SceneReader is implemented in ANSI C for speed and portability.
SceneReader currently runs on Linux/x86 and Windows systems; ports to other platforms may be possible by negotiation.
As the sample image gallery demonstrates, SceneReader is tolerant to wide variations in input image quality.
SceneReader can work with relatively poor-quality images such as those from simplistic phone-cameras, as well as high-quality images such as scanned photographs and high-end digital camera output.
The time taken for image analysis is dependent mostly on the size of the input image.
SceneReader is optimised for handling arbitrary photographic images with complex and unpredictable content.
It is NOT optimised for the analysis of ordinary printed text documents.
The following considerations should be noted regarding the SceneReader 2.0 release.
1. Only the latin alphabet is supported.
SceneReader 2.0 comes pre-configured with a general font knowledgebase
allowing it to recognise text in a variety of fonts.
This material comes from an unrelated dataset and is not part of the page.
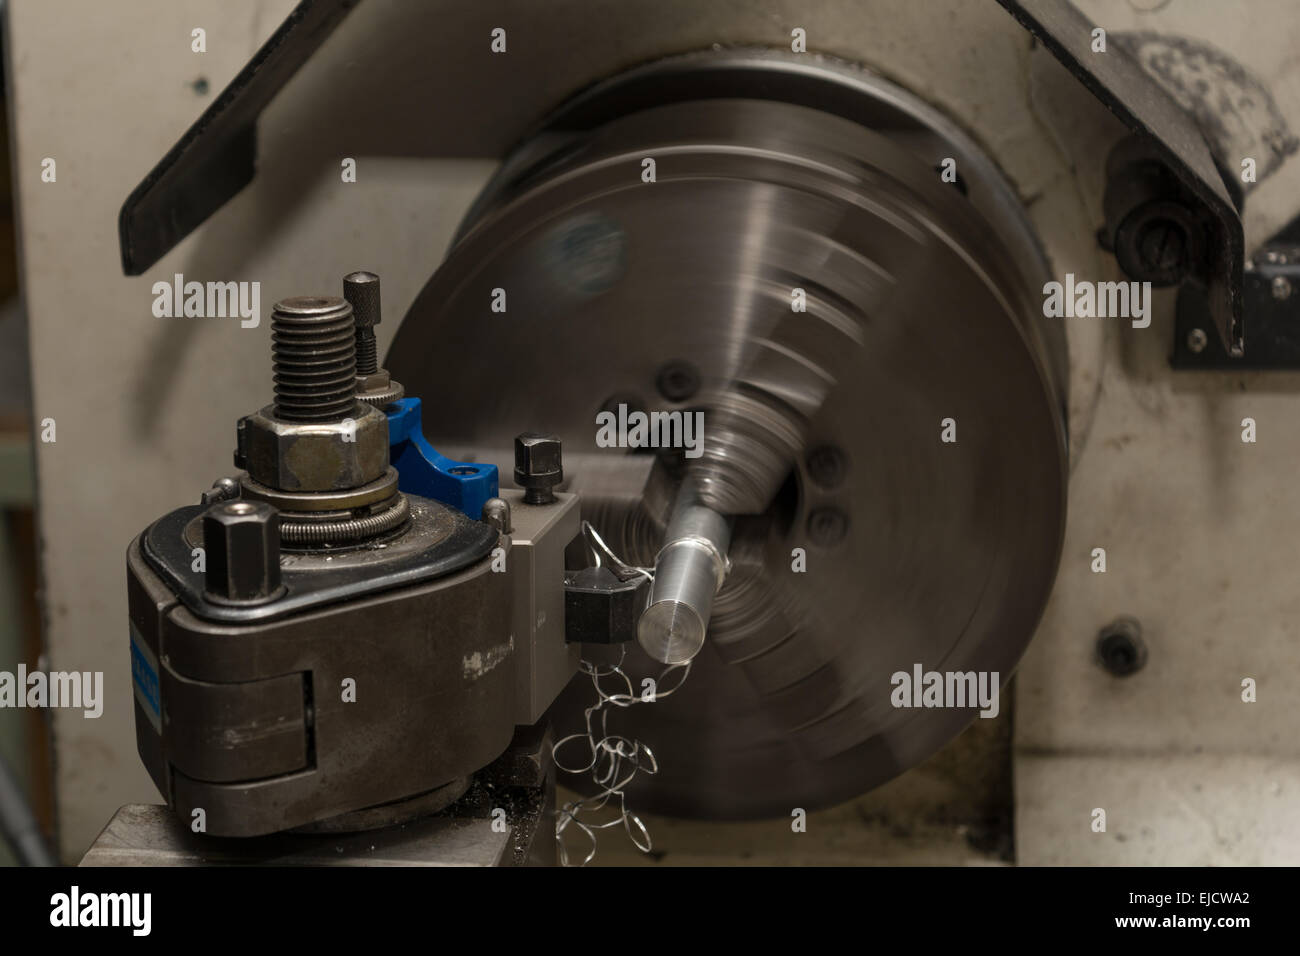 Metallbearbeitung mit Drehbank Stockbild

Currently,
this font knowledgebase only includes latin alphanumeric characters
(so e.g. cyrillic or greek characters are not supported).
2. Only alphanumeric characters are supported.
SceneReader 2.0 searches for alphabetic and numeric characters, but
ignores punctuation and other special characters (e.g. the $ sign).
3. Only dictionary sequences and numbers are recognised.
SceneReader 2.0 can recognise pure digit sequences (containing only
numeric characters) as numbers without any reference dictionary.
For recognising words and alphanumeric sequences, SceneReader 2.0 uses
a reference dictionary. Words (e.g. "exit") and/or
alphanumeric sequences (e.g. "WX123") not included in the dictionary
will not be recognised.
However, the dictionary can be large without significant performance
implications (e.g. we typically use a 60,000-word dictionary for testing
purposes).
4. SceneReader 2.0 is optimised for recognising printed, non-cursive
text.
SceneReader 2.0 will not, in general, recognise joined-up (cursive)
writing or heavily-interconnected text.
5. Result reporting is case-insensitive.
SceneReader 2.0 can recognize words in upper, lower and mixed case.
However, its output results are reported in all-lowercase.
6. SceneReader 2.0 is intended for photographic images.
SceneReader 2.0 is optimised for handling arbitrary photographic images
with complex and unpredictable content. It is NOT optimised for the
OCR analysis of ordinary printed text documents, and is unlikely to
perform well at this.